The Looming Tower - Lawrence Wright [191]
Massoud was an eager partner. He was himself a dedicated Islamist whose wife wore a burka and whose troops had committed more than one massacre. Like his competitors, he probably supported his militia on the opium trade. But he spoke a rudimentary French, which he learned in high school in Kabul, and he was well known for his love of Persian poetry, which made him seem like a civilized alternative to the Taliban. In February, Taliban goons had gone through the Kabul museum with sledgehammers, pulverizing the artistic heritage of the country; then in March, they used tanks and anti-aircraft weapons in Bamiyan Province to destroy two colossal images of the Buddha that had loomed above the ancient Silk Road for fifteen hundred years. To the degree that the Taliban were sinking in the world’s estimation, Massoud was rising.
In a reflection of his increased international stature, Massoud addressed the European Parliament in Strasbourg, France, in April 2001. He spoke about the danger that al-Qaeda posed to the world. He also told American officials that his own intelligence had learned of al-Qaeda’s intention to perform a terrorist act against the United States that would be vastly greater than the bombings of the American embassies in East Africa.
In July, Zawahiri composed a letter in poorly written French purporting to be from the Islamic Observation Centre in London. He requested permission for two journalists to interview Massoud. That letter was followed up by a personal recommendation from Abdul Rasul Sayyaf. Permission was granted.
Massoud was not alone in his warnings to America. In addition to the gleeful chatter that the NSA was picking up about a major attack (“spectacular,” “another Hiroshima”) that was in the works, intelligence agencies from Arab countries, with better human sources, issued dire advisories.
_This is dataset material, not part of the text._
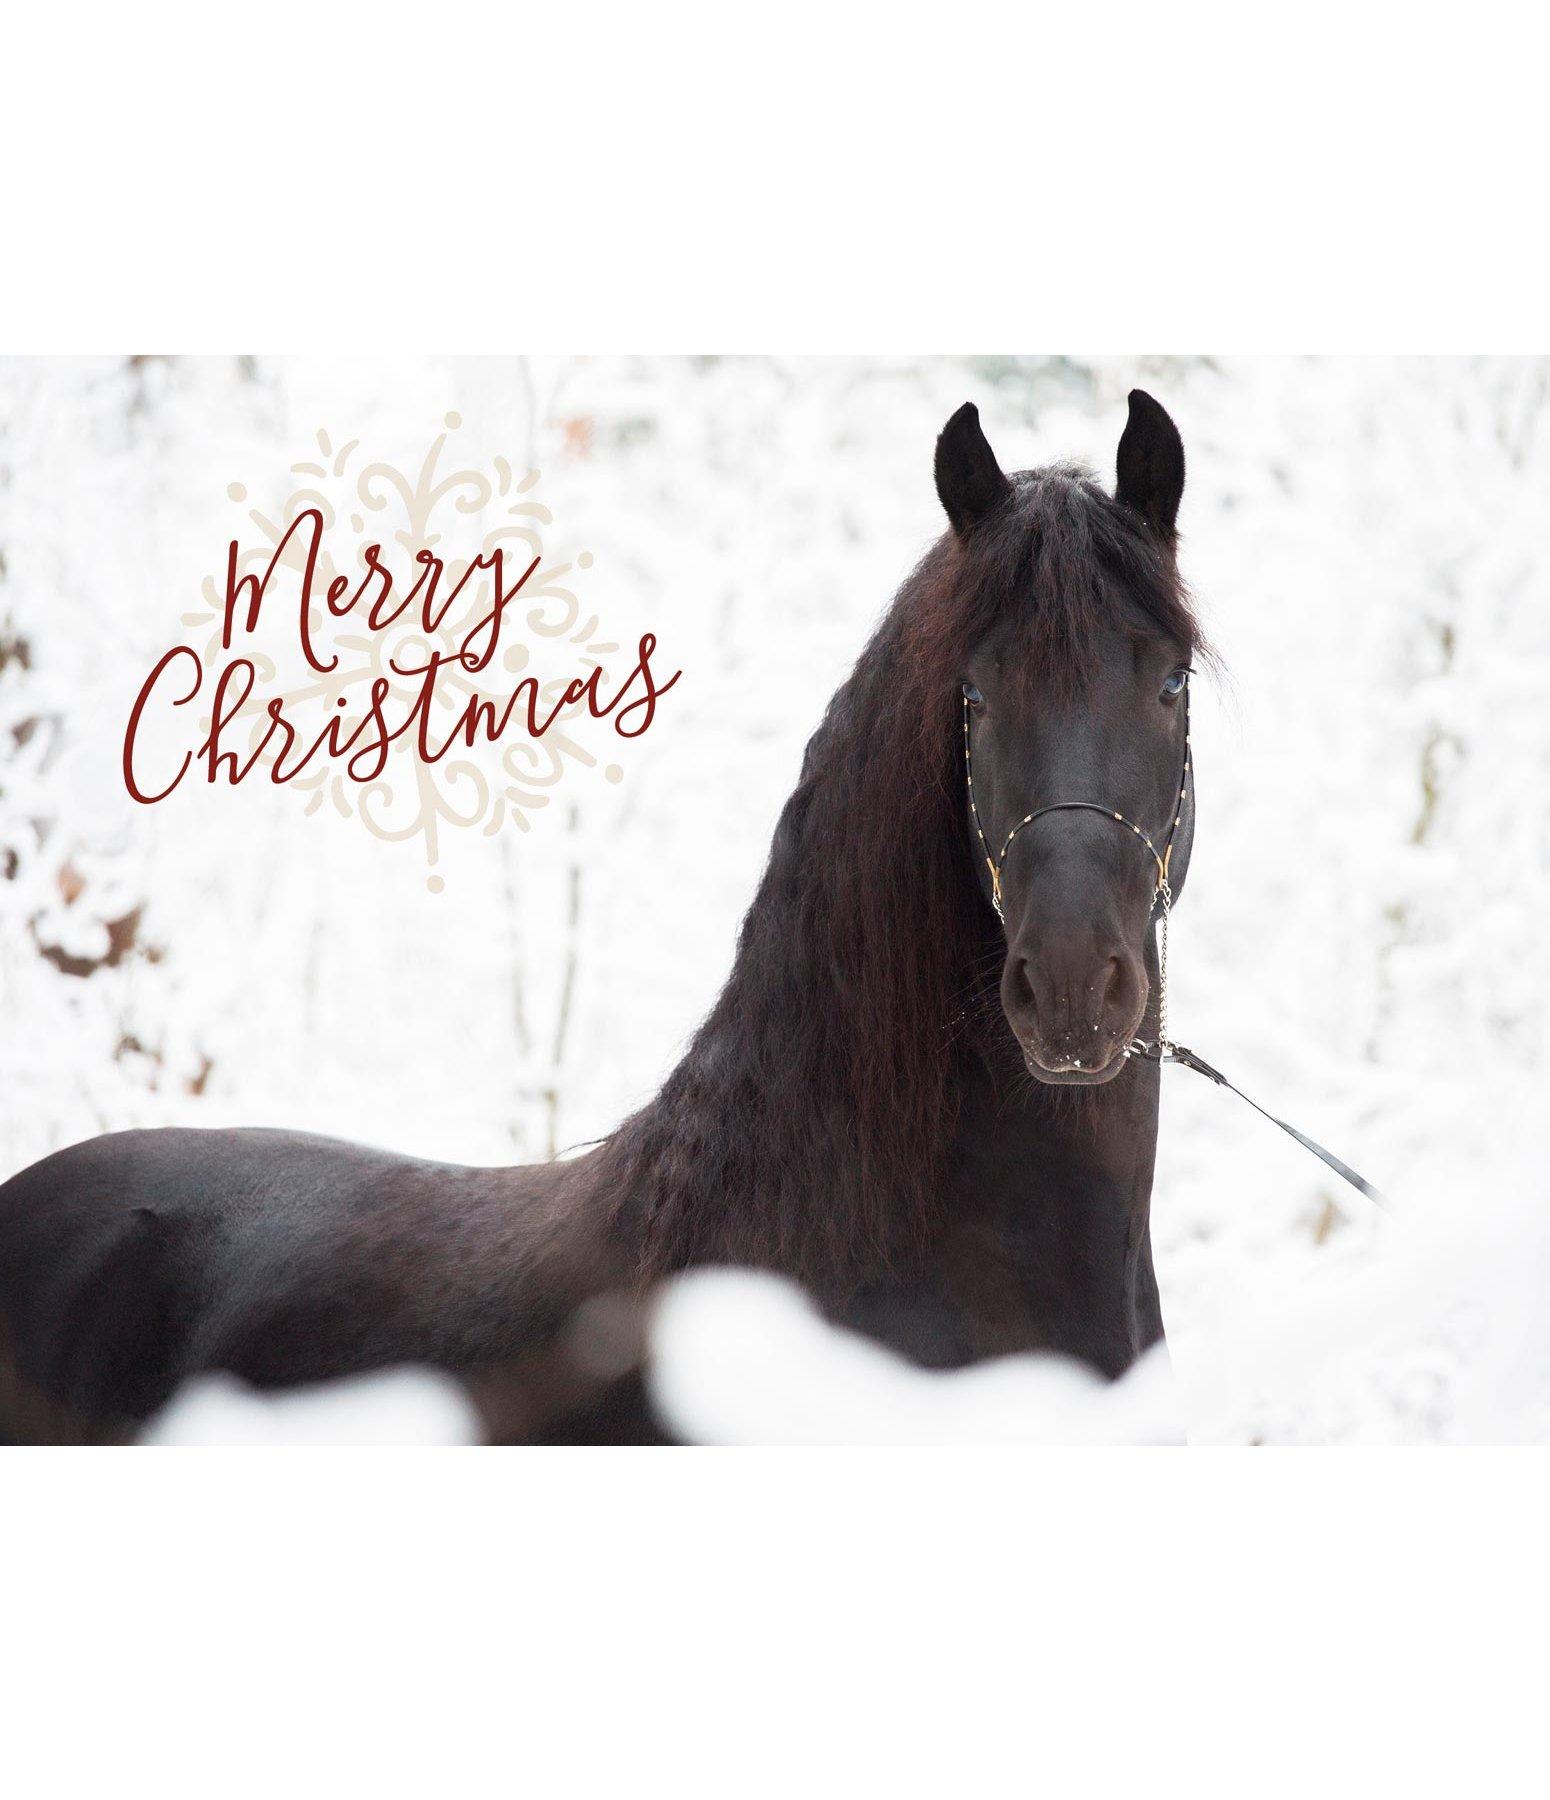 Greeting Card Merry Christmas Iv Kramer Equestrian
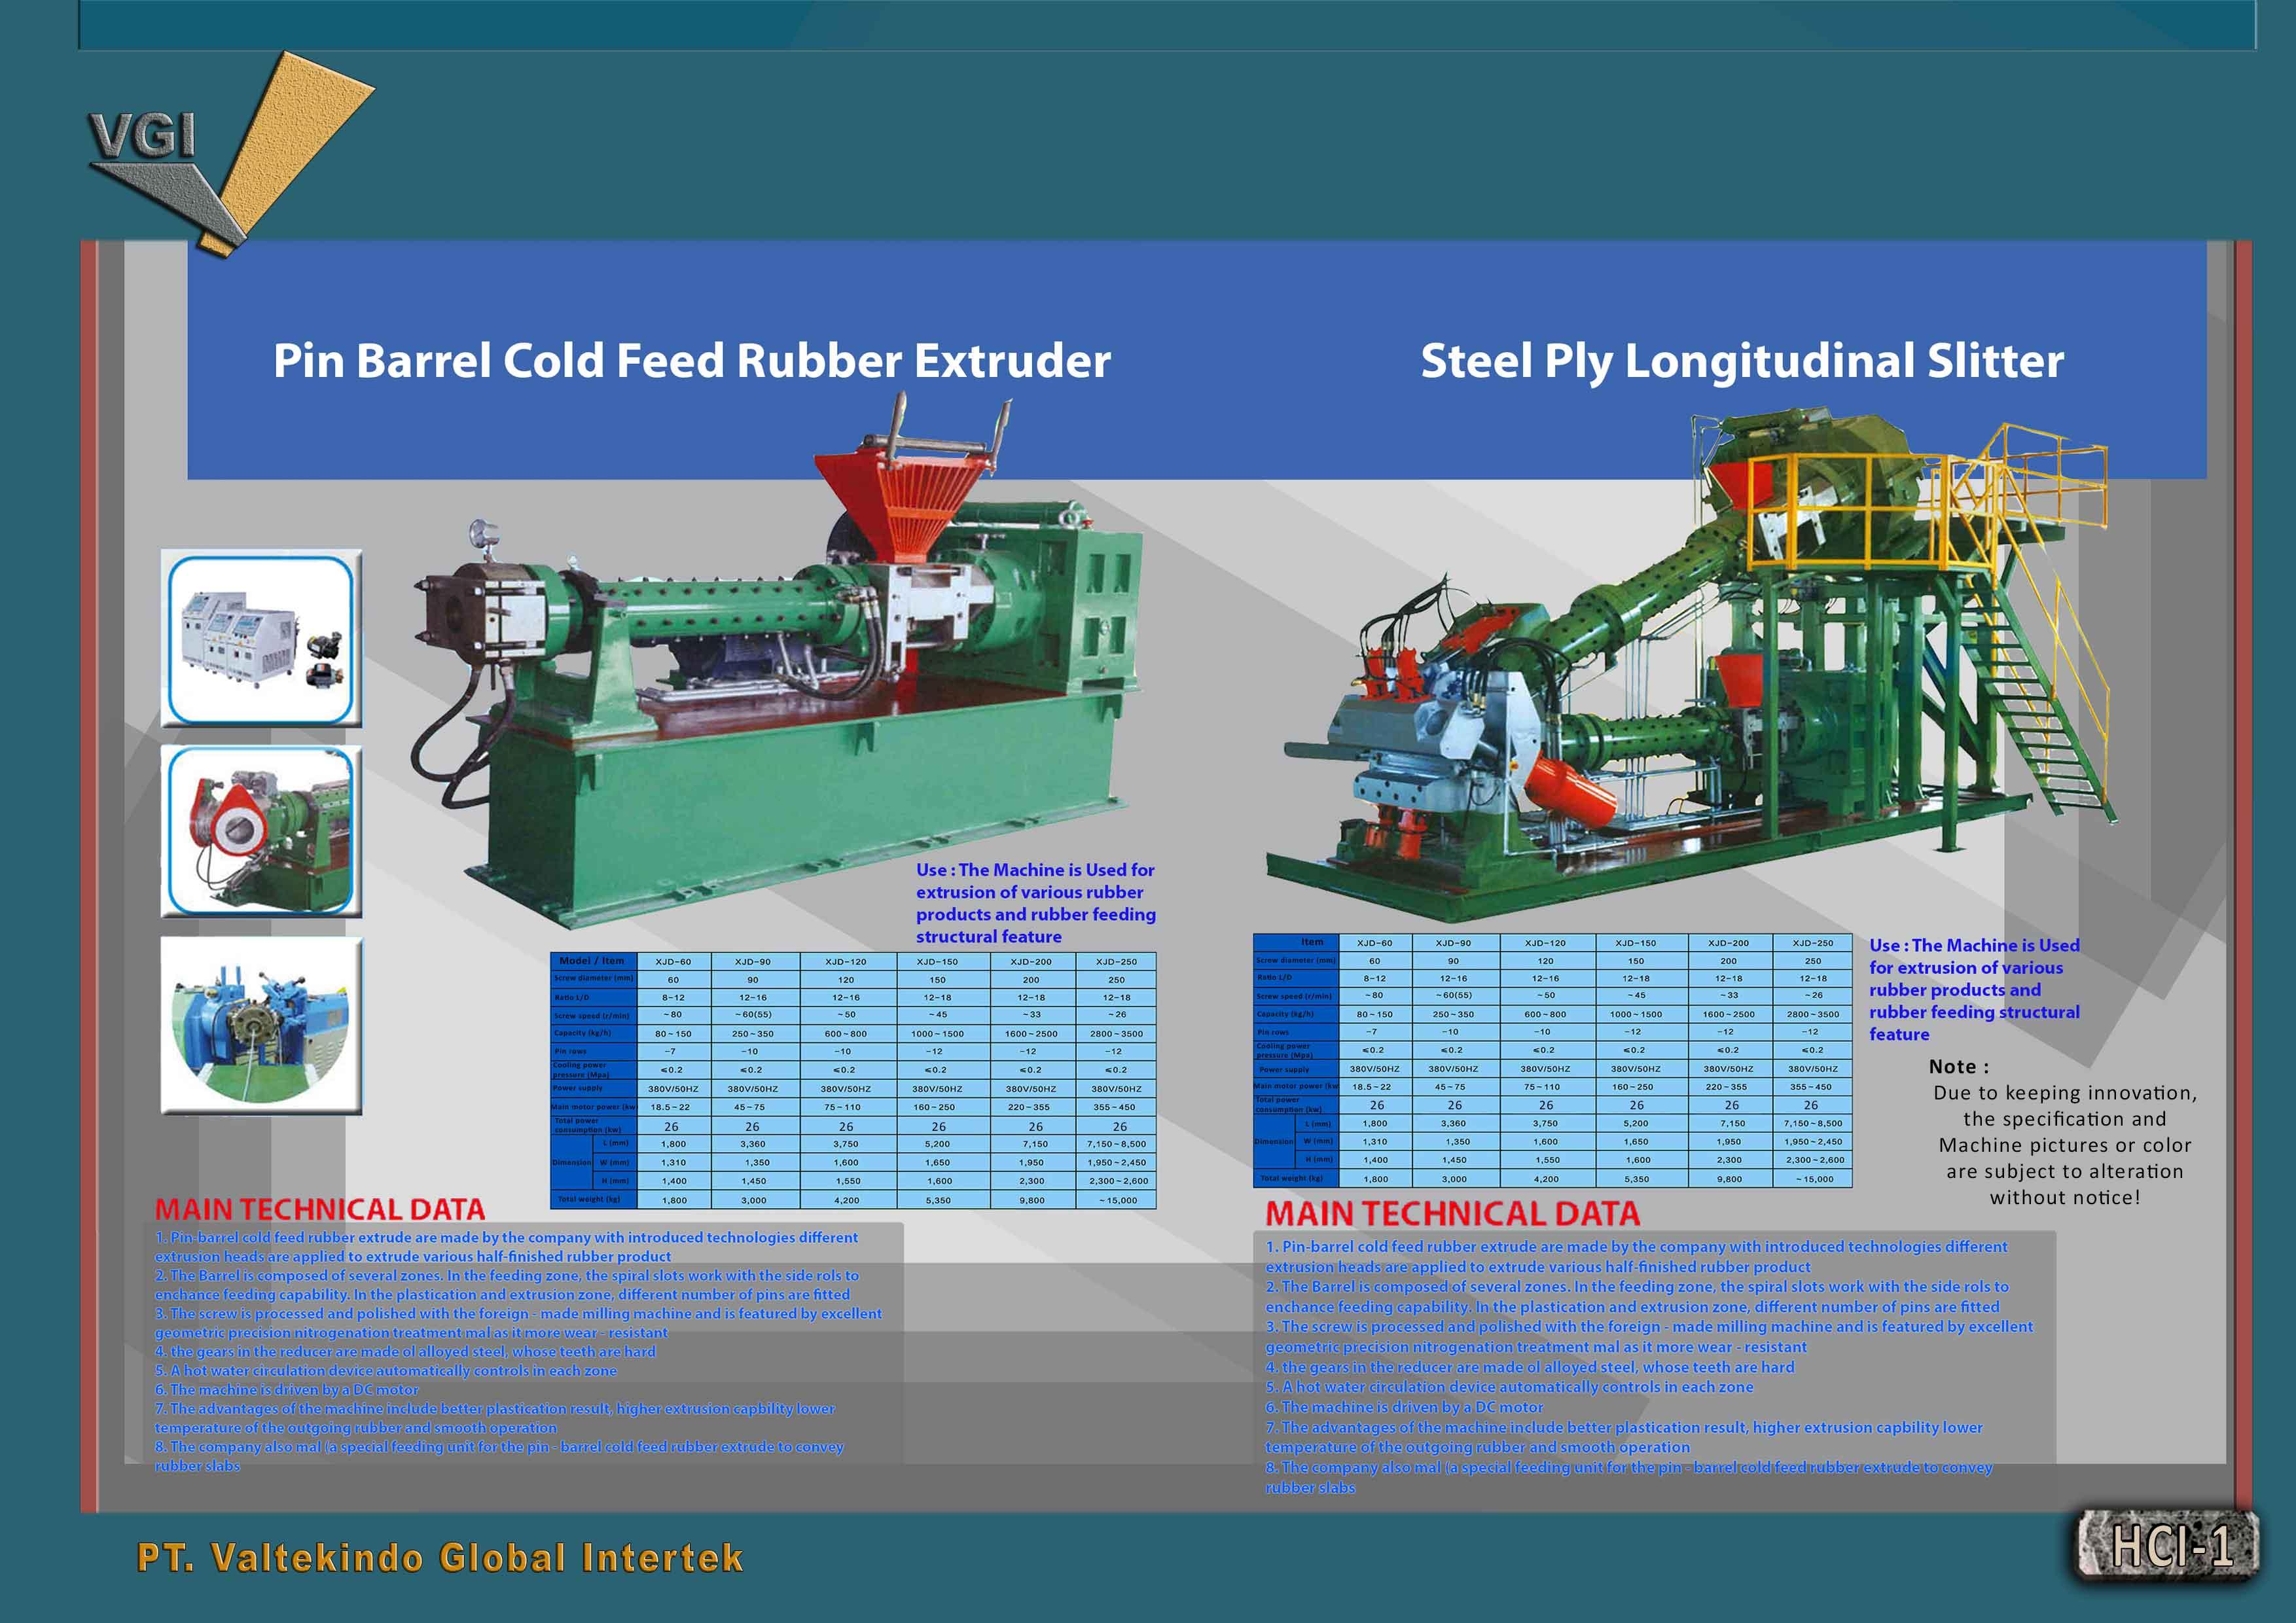 jual mesin, harga mesin, jual mesin bandung, distributor mesin, jual mesin karet, daur ulang karet, daur ulang plastik, mesin pertanian Pin Barrel Extruder Steel Ply Longitudinal Slitter Pin Barrel Extruder Steel Ply Longitudinal Slitter

Egyptian president Hosni Mubarak warned the United States that terrorists were planning to attack President Bush in Rome, “using an airplane stuffed with explosives,” while he was on his way to the G-8 summit in Genoa that July. The Italian authorities put up anti-aircraft emplacements to prevent the attack. The Taliban foreign minister, Wakil Ahmed Muttawakil, confided to the American consul general in Peshawar and the United Nations in Kabul that al-Qaeda was planning a devastating strike on the United States. He feared that American retaliation would destroy his country. Around the same time, Jordanian intelligence overheard the name of the rumored operation, which it passed along to Washington: The Big Wedding. In the culture of suicide bombers, the day of a martyr’s death is his wedding day, when he greets the maidens of Paradise.
BIN LADEN DECIDED to take another bride himself, a fifteen-year-old Yemeni girl named Amal al-Sada. One of bin Laden’s bodyguards traveled to the mountain town of Ibb to pay a bride price of five thousand dollars. According to Abu Jandal, the wedding was a splendid celebration. “Songs and merriment were mixed with the firing of shots into the air.”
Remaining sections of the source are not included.